Keep in mind that I only recently lost the 180 pounds in 2004 and it has been just eight months since I lost that weight and kept it off. This is the longest I have ever gone after being on a "diet" without gaining back the weight. I intend to keep it that way for the rest of my life, but that may mean that I eat a few more processed and sugar-free products in the meantime than some of my low-carb friends would have me to consume. I don't have any problem eating this way because I have successfully maintained my weight by doing this.

Will my food choices begin to evolve to other choices at some point? I have no doubt in my mind that they will. By taking incremental steps towards the goal of eating more whole foods, drinking less diet sodas and consuming less sugar-free candy in due time, I believe I will get there someday over the next few years. As long as my body weight remains constant or decreasing, I do not sense an urgency about drastically changing my current eating and drinking habits overnight. The changes will come, but give me some time. Now that my health is no longer in immediate danger from being morbidly obese, I think I have the time to decide what is best for me to eat in the coming decades.

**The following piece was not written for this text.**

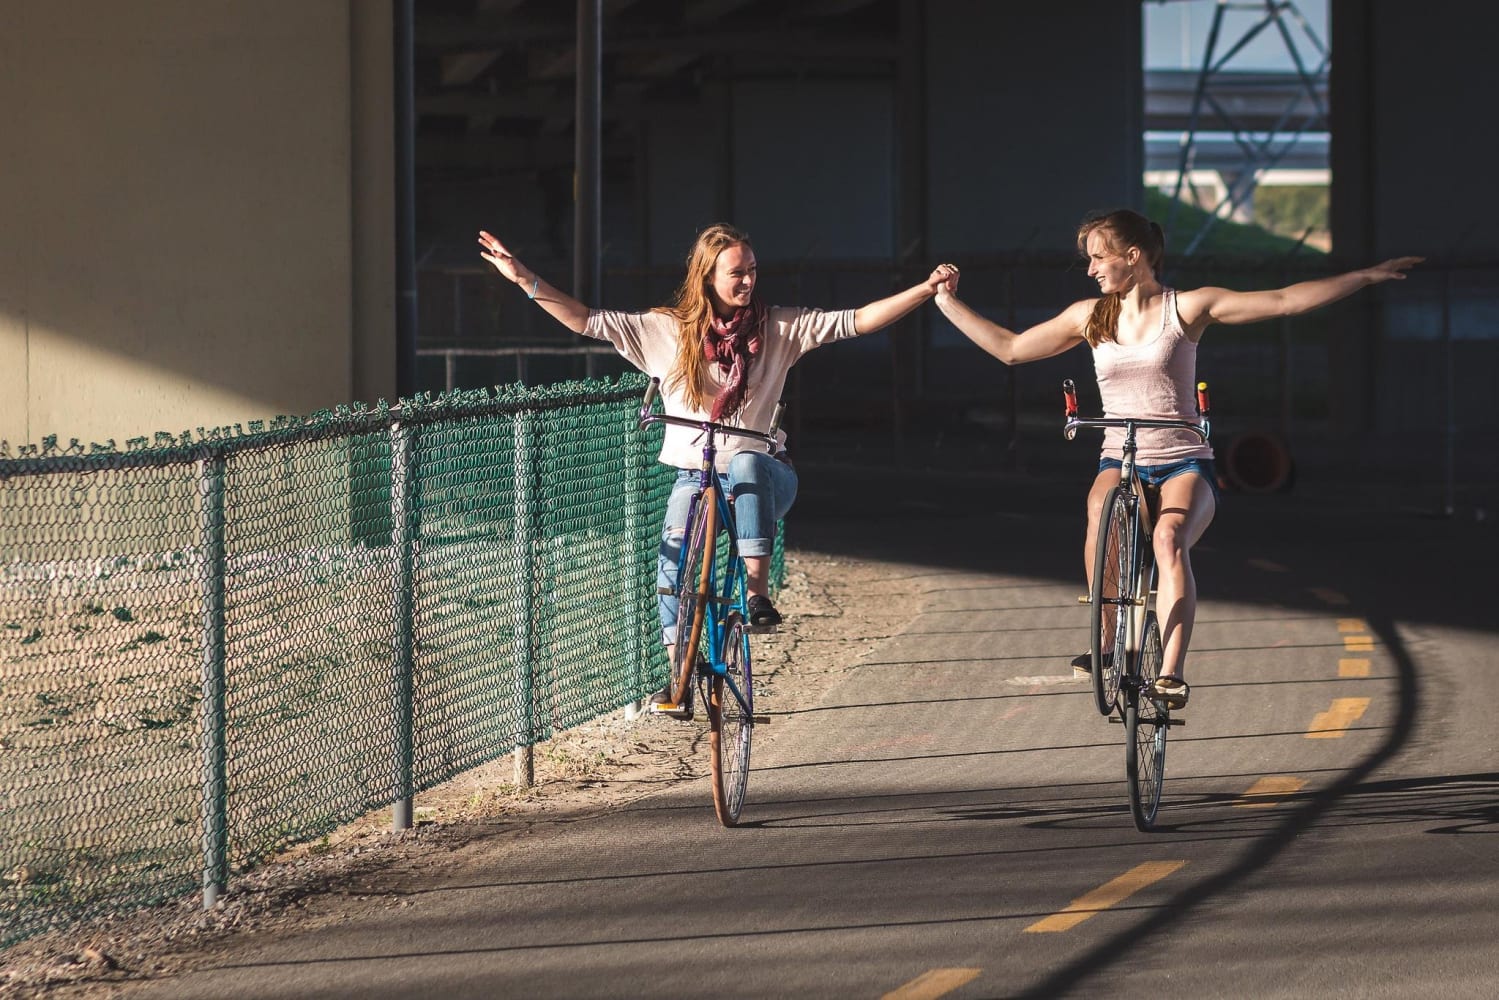 Manobras de bicicleta que são 'febre' nas periferias promovem encontros e  ocupam espaços

If someone is overweight or obese, I think it is much more important for them to make that all-important decision to change the way they eat. If you can get someone who is in that condition to just start watching their carbohydrate intake as I did, then that is essential to getting them on the path to better health and healthier eating. It may take a few years before they start eating more of the whole, unprocessed, natural foods that are considered healthy, but it will eventually happen. Let's get the weight off of them first and then worry about tweaking their eating habits a little more later on.

My friend Levi added a few more thought-provoking opinions in another comment at my blog:

"You may indeed feel like you have been helped by the availability of these [low-carb processed] foods. But do you think you could have lost your weight without them? Everyone's different so it's very possible that you couldn't have done this. Others here have avoided these products and not had a problem sticking to the overall program. But everyone's an individual. I realize you say this already in so many words, but many of these products are too easy a target for critics of low-carb. If they came to the conclusion that everyone was eating whole foods, but just more meat than what they consider healthy, a big part of their argument is empty."

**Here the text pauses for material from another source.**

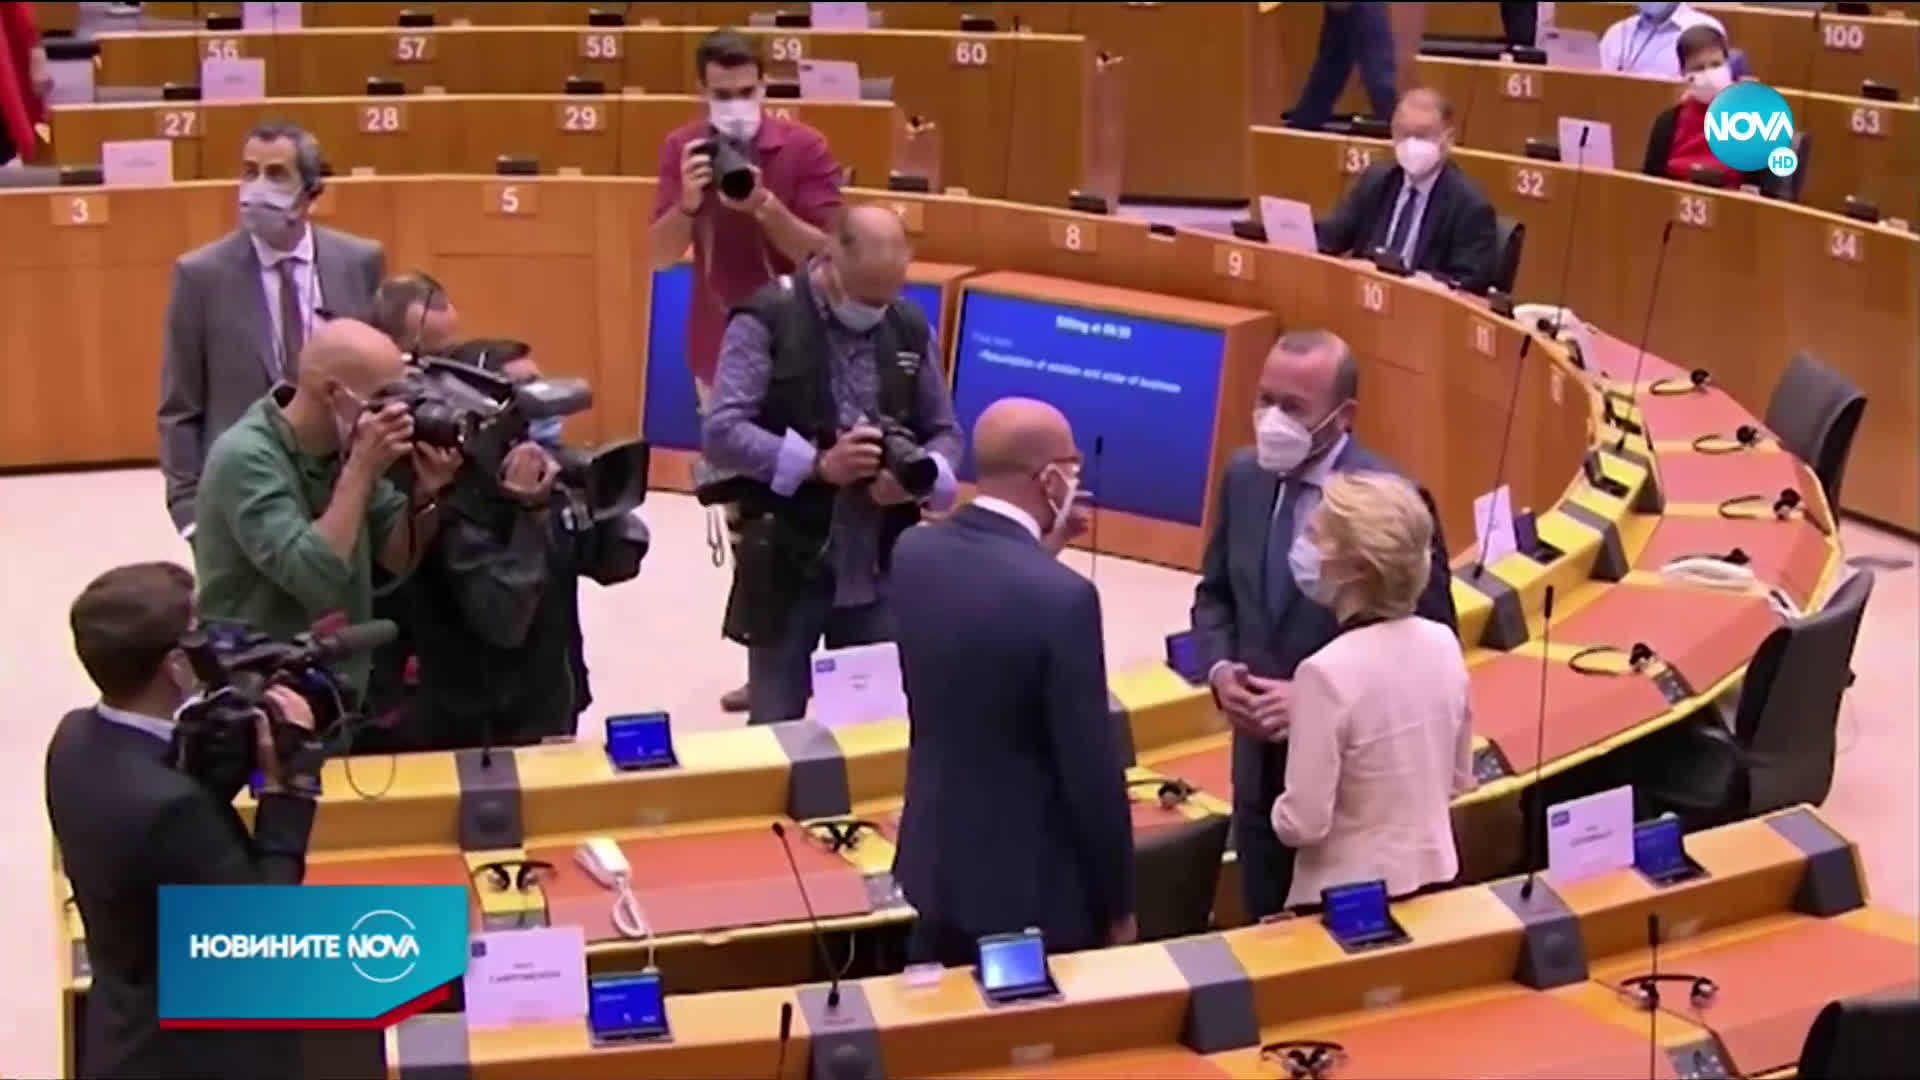 Европейският парламент може да блокира бюджета на ЕС

That's the beauty of livin' la vida low-carb, Levi. We don't all have the same way of doing it. For some people, they don't mind eating a meat all the time. For others, they get full on delicious and nutritious fruits and vegetables. Still others swear by the so-called Frankenfoods and couldn't live without them. The funny thing is that no matter how you do your low-carb lifestyle, it works. Keeping your carbohydrate intake down is effective for weight loss and weight maintenance no matter what kind of scare tactics and outright lies the media and health experts want to throw at it. Millions of people stand and testify to this fact by livin' la vida low-carb every single day.

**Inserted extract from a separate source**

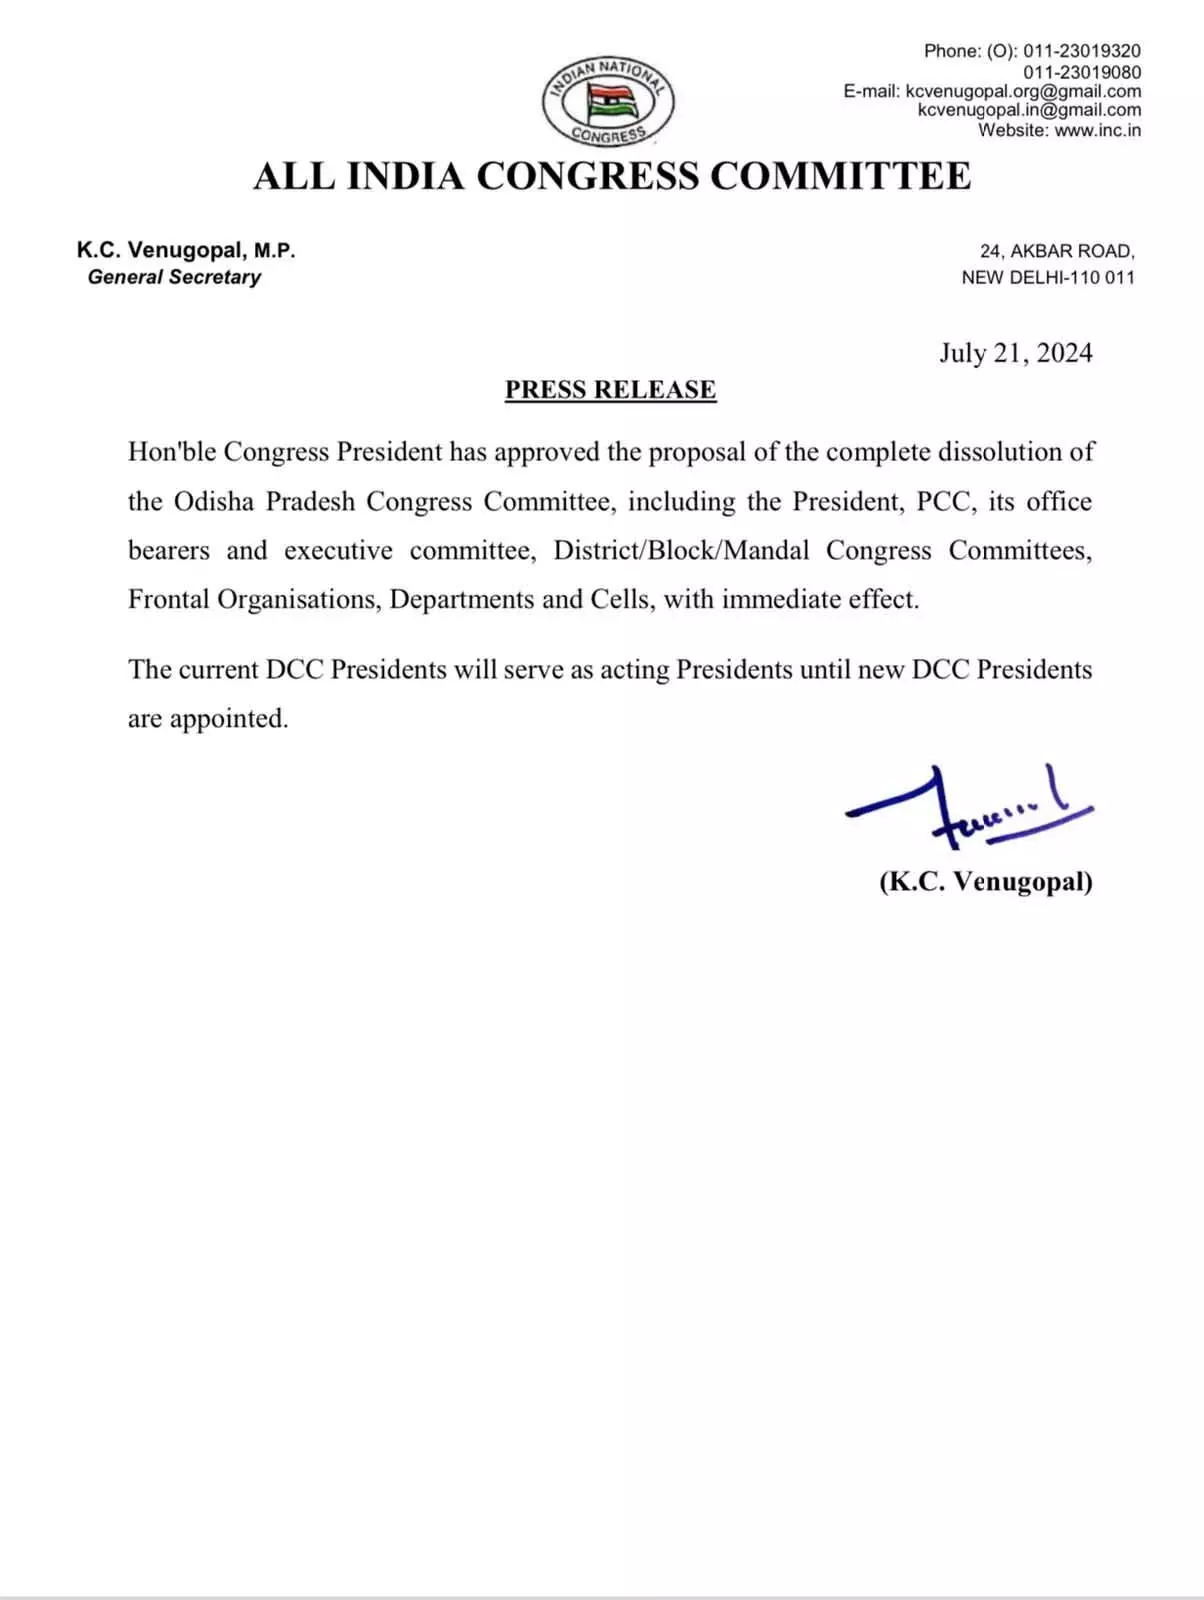 Congress ने ओडिशा प्रदेश कांग्रेस कमेटी को भंग करने की मंजूरी दी

As long as someone keeps a close eye on their net carb intake and keeps it within a range where their body will not gain weight, then I believe that can be described as healthy low-carb eating. Comments? Feel free to share them below.

1 Comments:

Blogger Robert W said...

i would definitely be more concerned with keeping the weight off, rather than having a perfectly balance diet at this point.

I get criticized all the time for my food choices, but my only goal right now is to drop weight and hang onto as much muscle as possible.

Fantastic job losing 180# and keeping it off. I am trying to lose 135# (56# to go) myself.